Nine deaths occurred from or were associated with pregnancy,
giving a maternal mortality rate per thousand live births of 2.57 comprised
of a rate of 1.14 for puerperal sepsis and 1.43 for other puerperal
causes. The maternal mortality rates for each of the years from 1934
were 5.99, 3.46, 4.02, 4.19, 3.64, 2.40, 0.62, 3.18 and 1.50. The average
for the first four war years, 1.92, is about half the average figure of 3.95
of the six pre-war years. Only part of the fall can be put to the credit
of chemo-therapy because although the sepsis rate has fallen from 1.4 to
0.6, there has been a similar fall from 2.5 to 1.2 in those causes of maternal
mortality other than sepsis.
In the case of some of these deaths, the pregnancy was only remotely
related, though perhaps the patient would have survived for longer if
she had not become pregnant. One such case was a woman whose
history of phlebitis preceded her pregnancy; some time after her confinement
she developed thrombo-phlebitis of the veins of the leg which
led to gangrene. Even more remote is the case of a woman whose heart
had for long caused anxiety and who died five days after her delivery.

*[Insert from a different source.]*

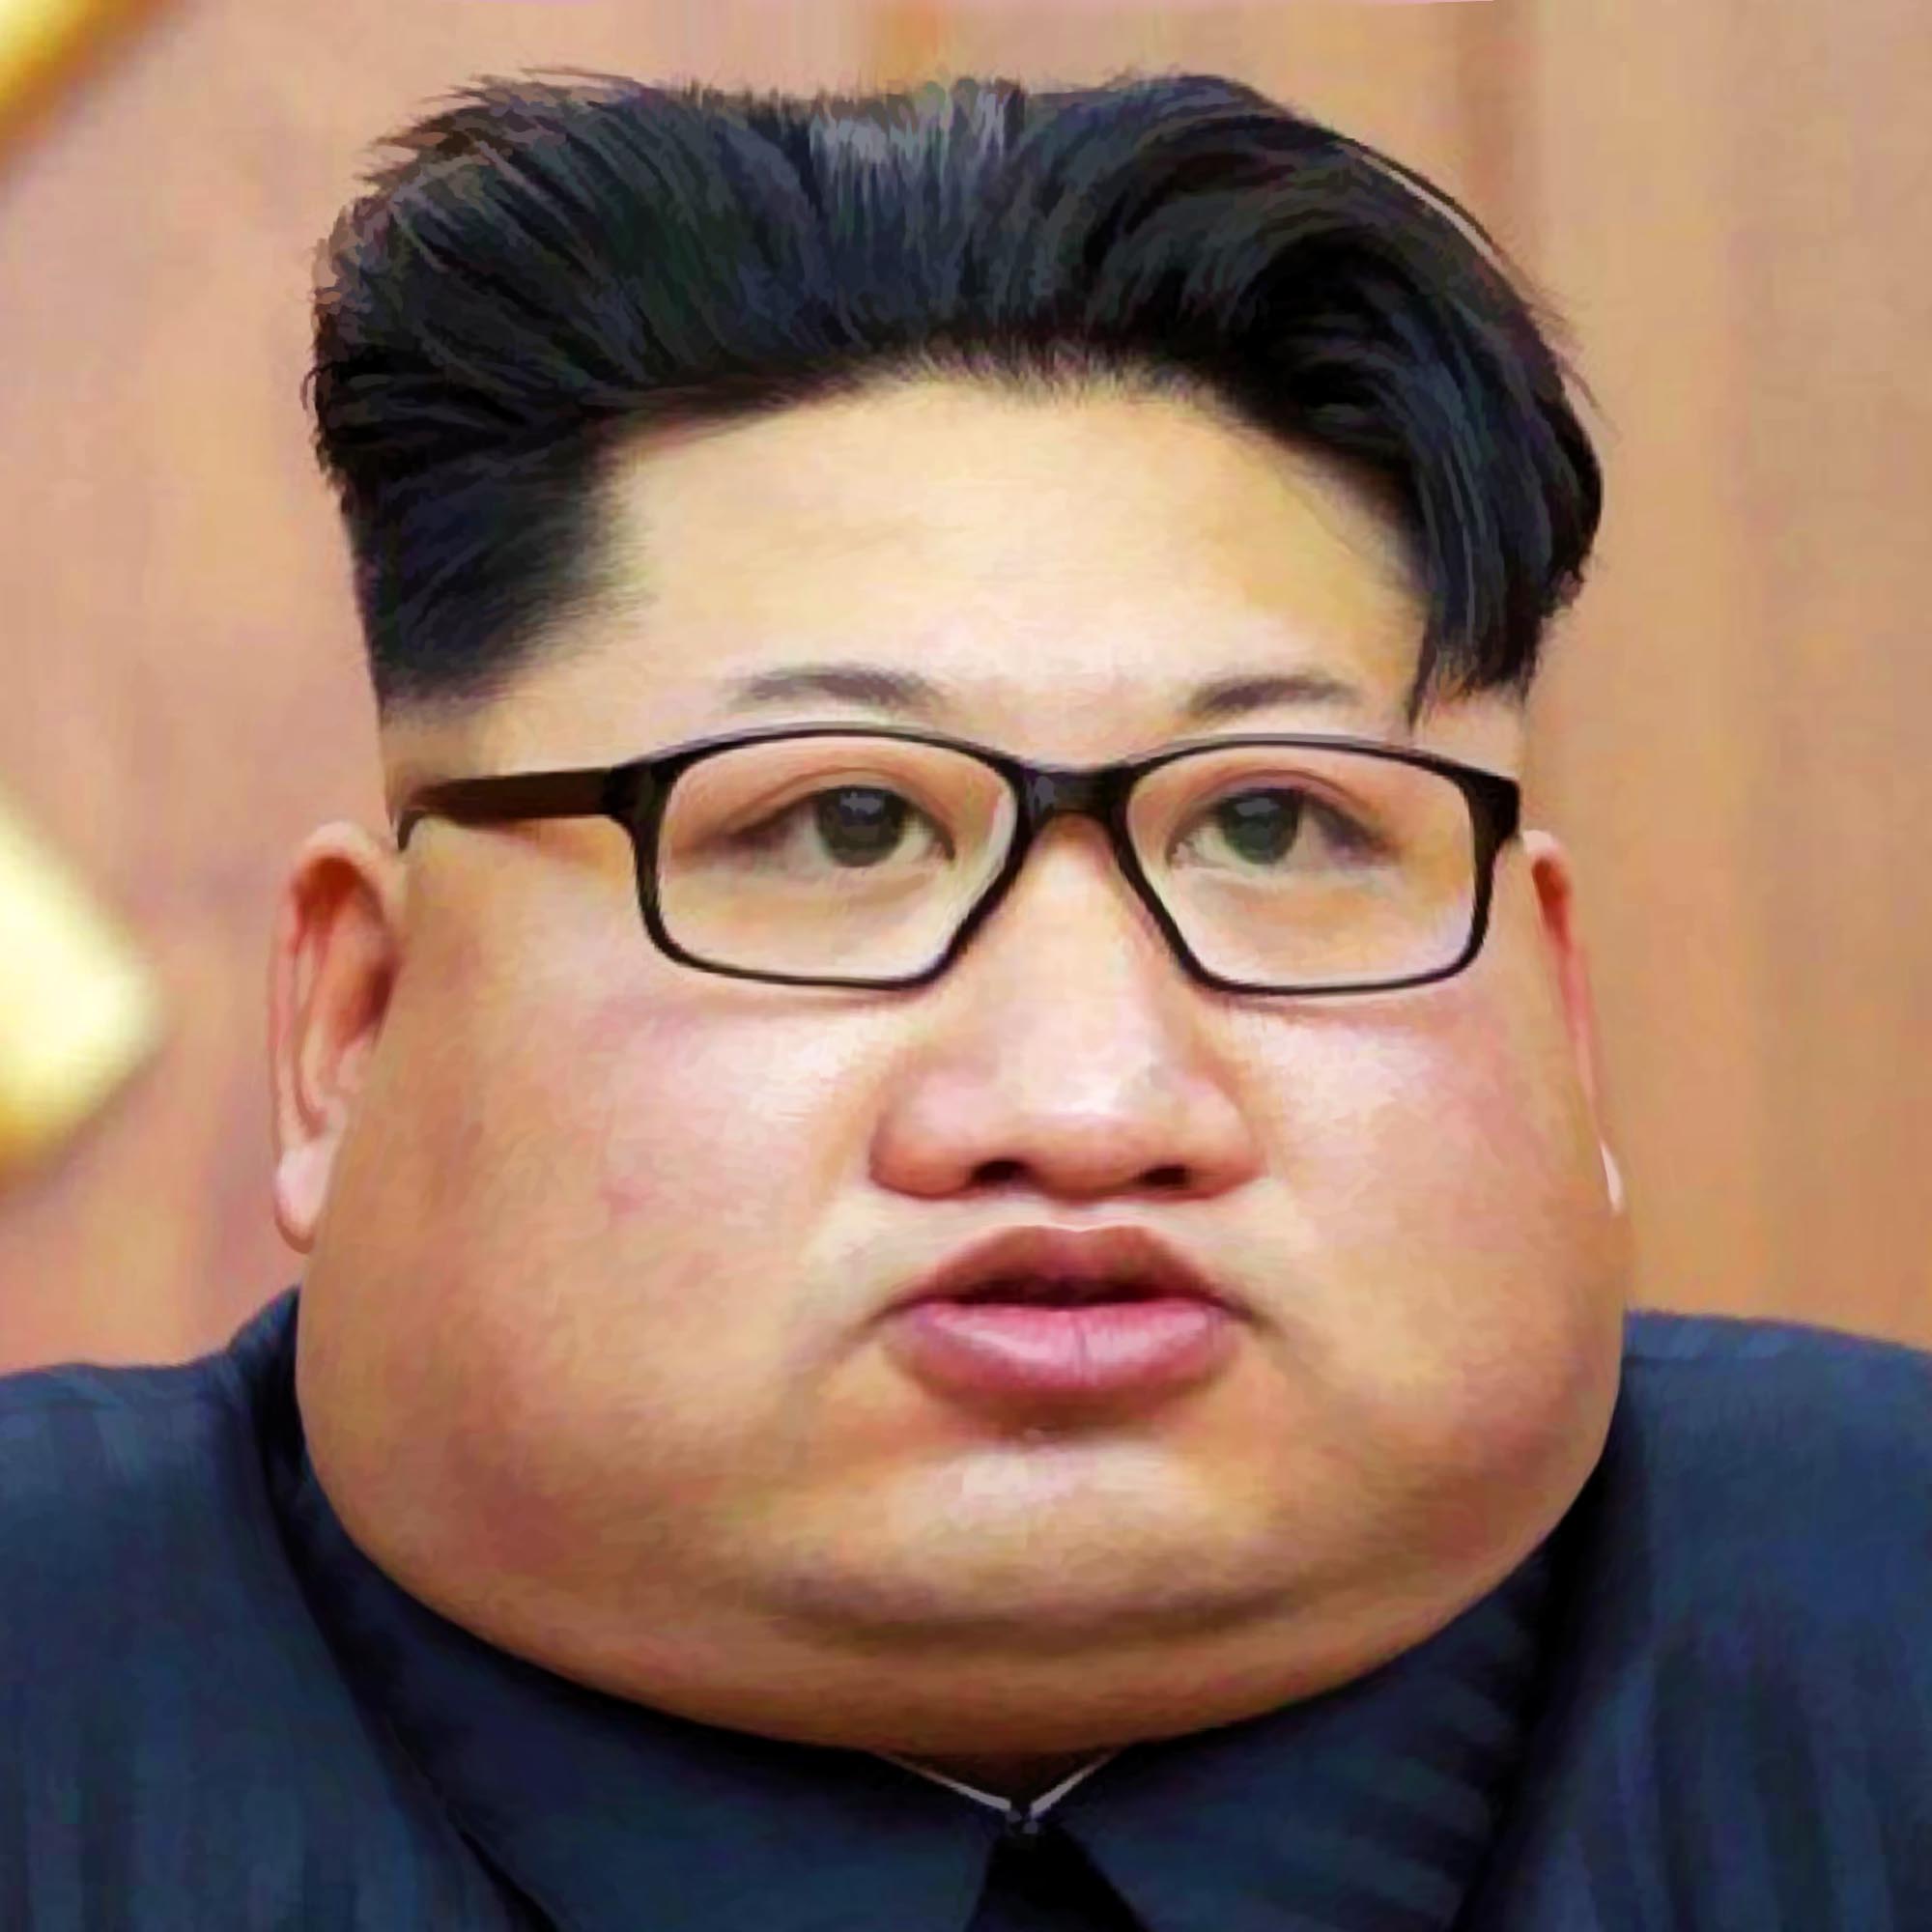 Kim Jong-un Nordkorea kleienr dicker Diktator merkel fan Fettel qpress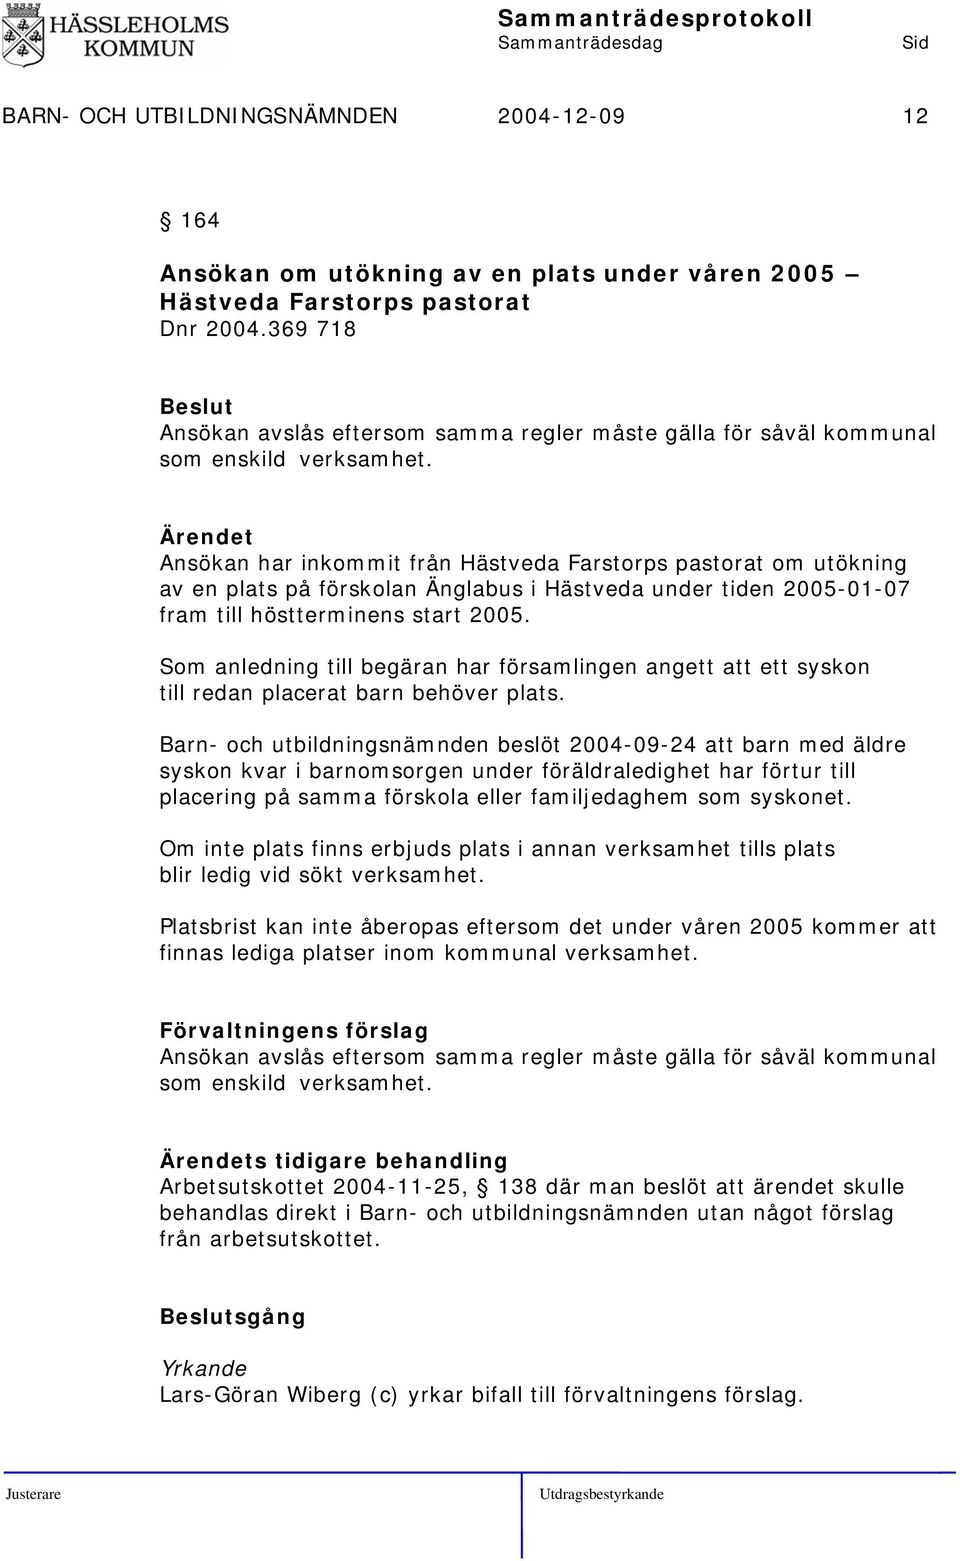 Ansökan har inkommit från Hästveda Farstorps pastorat om utökning av en plats på förskolan Änglabus i Hästveda under tiden 2005-01-07 fram till höstterminens start 2005.

One patient died in the early stages of pregnancy from a ruptured
ectopic gestation, while another died of pyaemia following a self-induced
miscarriage.
One fatality was due to pulmonary embolism a week after a normal
confinement.
In two cases operative interference was followed by paralytic ileus.
One patient who had had previous deliveries by caesarian section died
four days after her delivery this time by the same means. The other,
after a prolonged first stage of labour succumbed to obstetric shock and
paralytic ileus after delivery.
Two deaths were due to puerperal infection. In the one, a normal
confinement was followed in a very short time by the onset of acute
peritonitis due to the hæmolytic streptococcus. In the other, death
finally occurred from broncho-pneumonia due to staphylococcal septicaemia
following surgical induction necessitated by toxaemia of pregnancy.
Of the patients who were delivered at term, three were confined in
their own homes and five in hospitals or nursing homes.